What is the difference between open and closed captioning?
Why Is captioning important?
What’s the difference between automatic speech recognition (ASR) captioning and human-edited captions?
How does captioning work in Panopto?
How long does it take to generate captions?
How easy is it to add captions to a video in Panopto?
What are Web Content Accessibility Guidelines (WCAG)?
What captioning quality is required for ADA, Section 508 compliance?
Does Panopto support best practices and ADA and Section 508 compliance for video captioning?
Can you change the style and position of captions in Panopto?
How does pricing for captioning work?
Are unlimited captioning services truly unlimited?

14 Frequently Asked Questions About Video Captioning

Q: What is the difference between video transcription and captioning?

Video transcription is the process of producing a text document from the words spoken in a video. Transcribed text does not have a time value associated with it. In terms of accessibility, transcription works well for audio-only media, but falls short when it comes to audio with moving content on a screen, such as voice-over-PowerPoint slides or video.

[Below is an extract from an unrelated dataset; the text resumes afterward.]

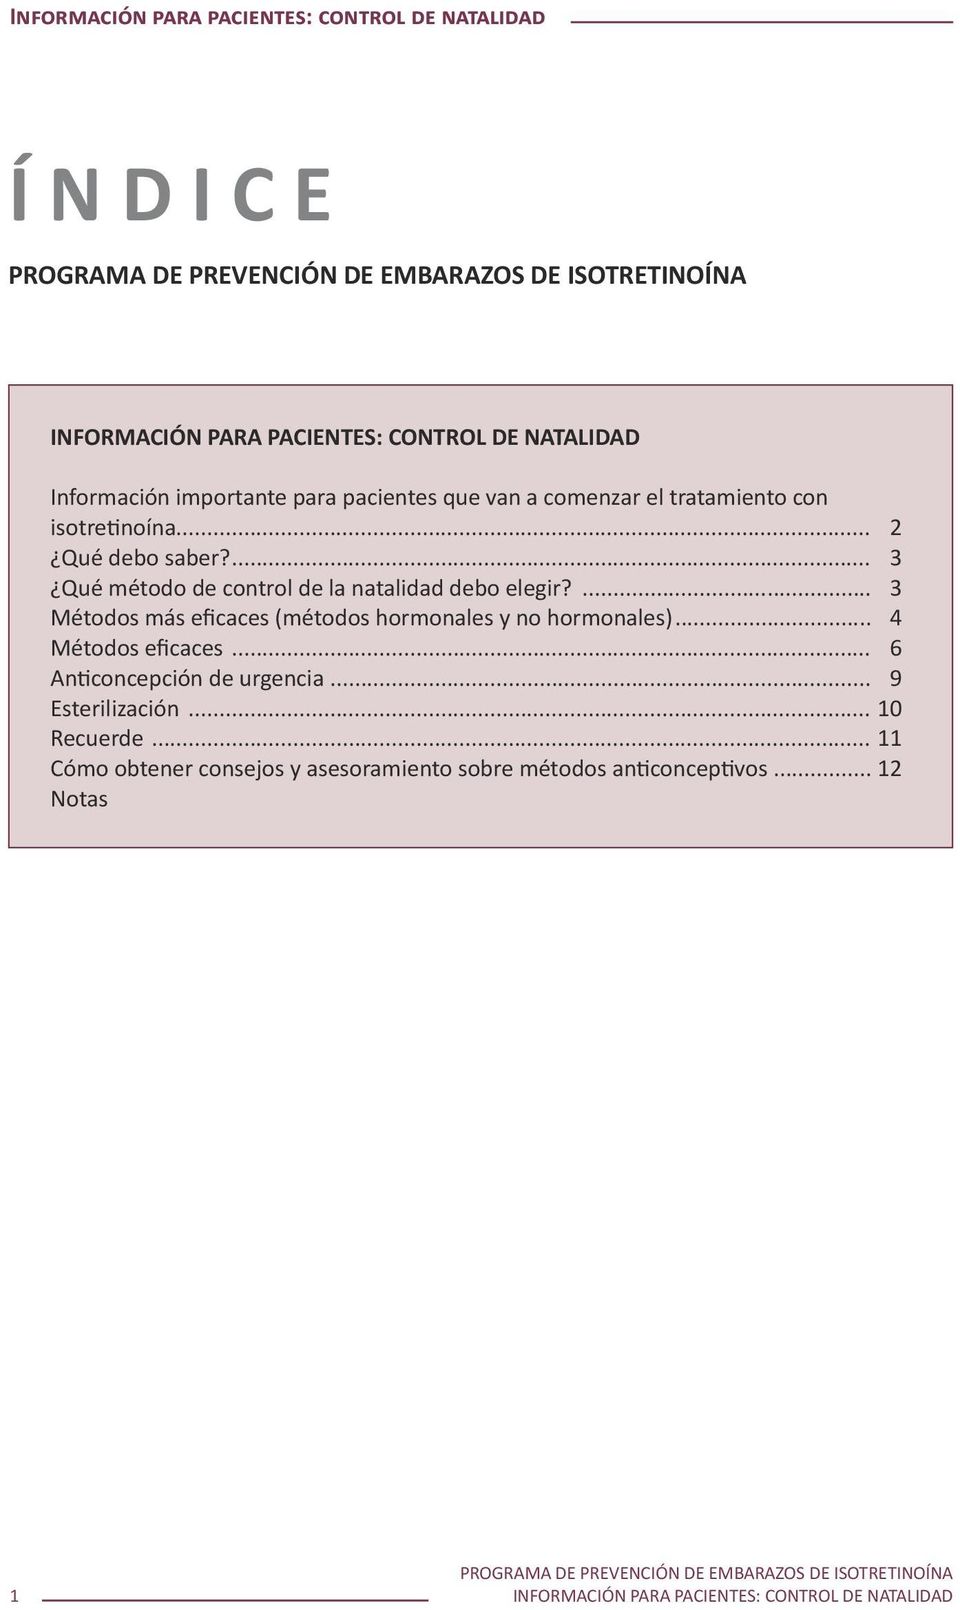 ... 3 Métodos más eficaces (métodos hormonales y no hormonales)... 4 Métodos eficaces... 6 Anticoncepción de urgencia.

Video captioning converts the audio content within a video into text, then synchronizes the transcribed text to the video. When the recording is played, that text will be displayed in segments that are timed to align with specific words as they are spoken. Captioning is required to make video content accessible to viewers who are deaf or hard of hearing. Captions are also considered good universal design for learning as they benefit a wide variety of people in different situations.

Q: What is the difference between subtitles and captioning?

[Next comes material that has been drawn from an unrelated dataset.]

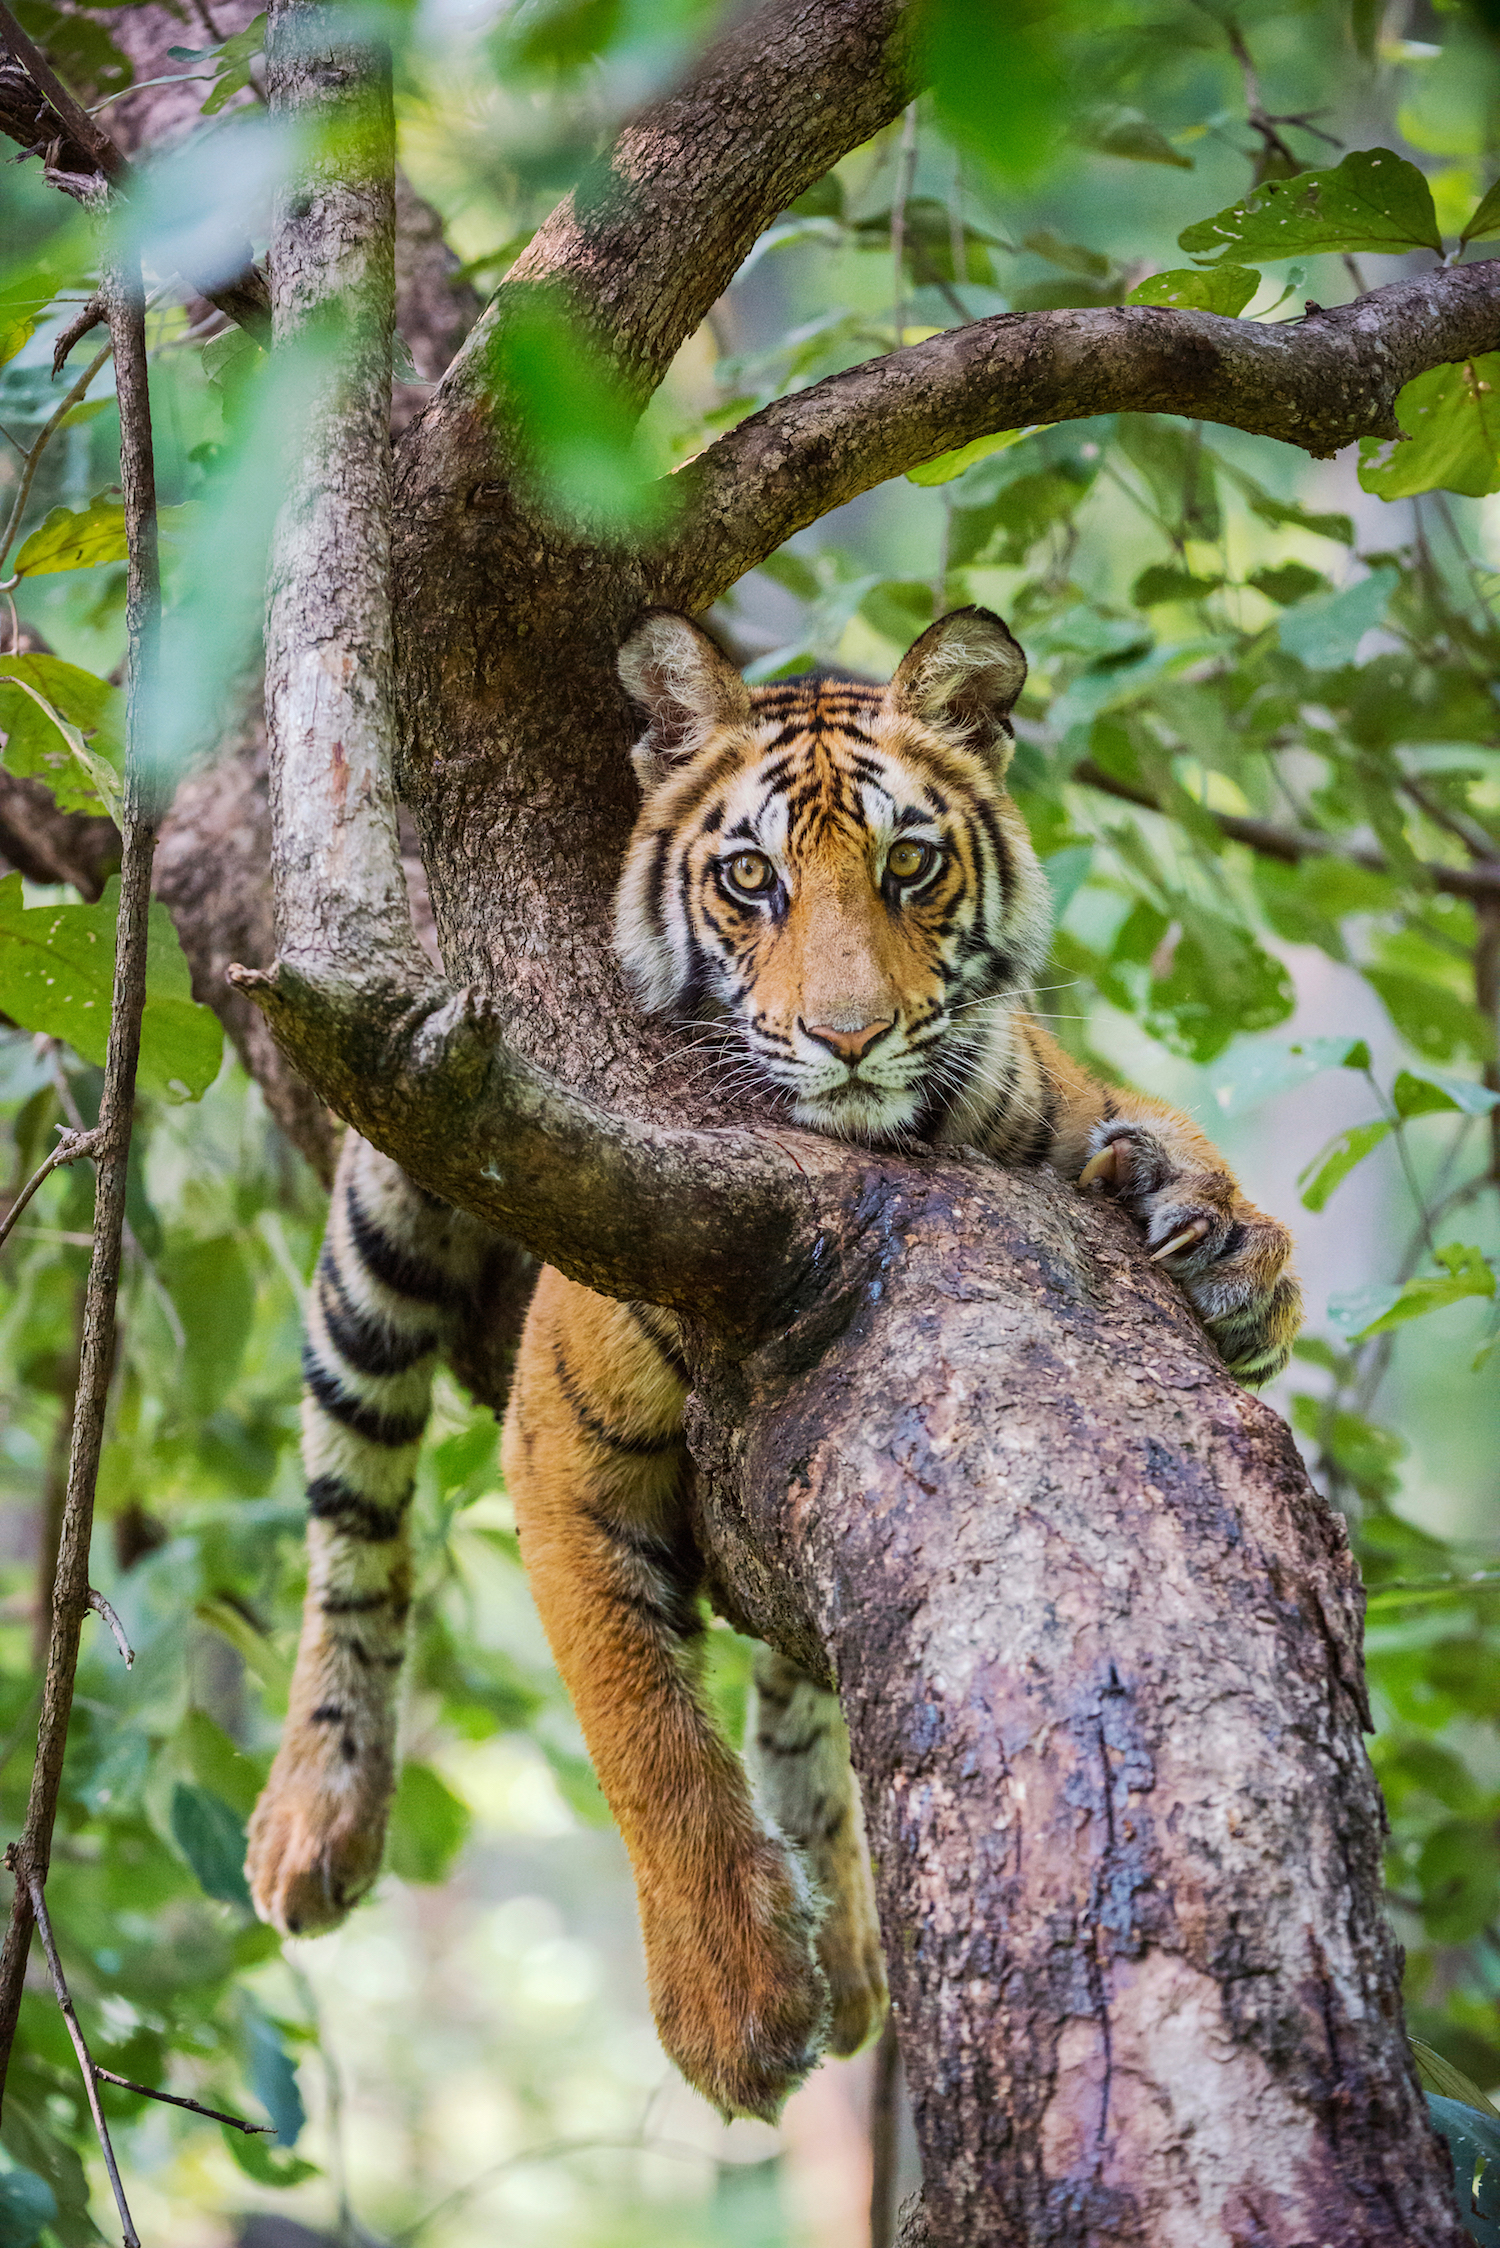 India's Bandhavgarh Tiger Reserve

Captions show the words spoken in a video in the same language, while subtitles show the translation of words spoken in a different language. The words shown on the screen in a foreign film in another language, for example, are considered subtitles.

Q: What is the difference between open and closed captioning?

There are a few differences between open captioning and closed captioning in videos. Most notably, open captions are always on and in view, whereas closed captions can be turned off by the viewer. Open captions are part of the video itself, and closed captions are delivered by the video player or television (via a decoder). And unlike closed captions, open captions may lose quality when a video is encoded and compressed.

Q: Why Is captioning important?

In addition to making video content more accessible to viewers with impaired hearing, captioning can actually improve the effectiveness of video:

Captions improve comprehension by native and foreign language speakers. An Ofcom study showed 80% of people who use video captions don’t even have a hearing disability.
Captions help compensate for poor audio quality or background noise within a video.
Captions make video useful when a person is watching with the sound off or viewing in a noisy environment that obscures the sound.
Captions provide viewers with one way to search inside of videos.

Q: What’s the difference between automatic speech recognition (ASR) captioning and human-generated captions?

There are two important differences between ASR captioning (also referred to as machine-generated captions) and human-generated captions: the quality and the time required to generate captions.

Machine-generated captioning produces captions very quickly. Typically, captions can be created in about one-quarter of the total video length. For example, an hour-long video could be captioned using ASR in approximately 15 minutes.

ASR captions are typically 90-95% accurate depending on the audio quality in the recording. As a result, machine-generated captions are primarily intended to enable inside-video search, and by default, they aren’t added to the video as closed captions. Instead, the text is stored in the video platform’s database for use with the video search engine.

Of course, ASR also provides a starting point from which people can manually create 100% accurate captions. In video platforms like Panopto, text generated by ASR can be added to the video as closed captions, which people can then edit.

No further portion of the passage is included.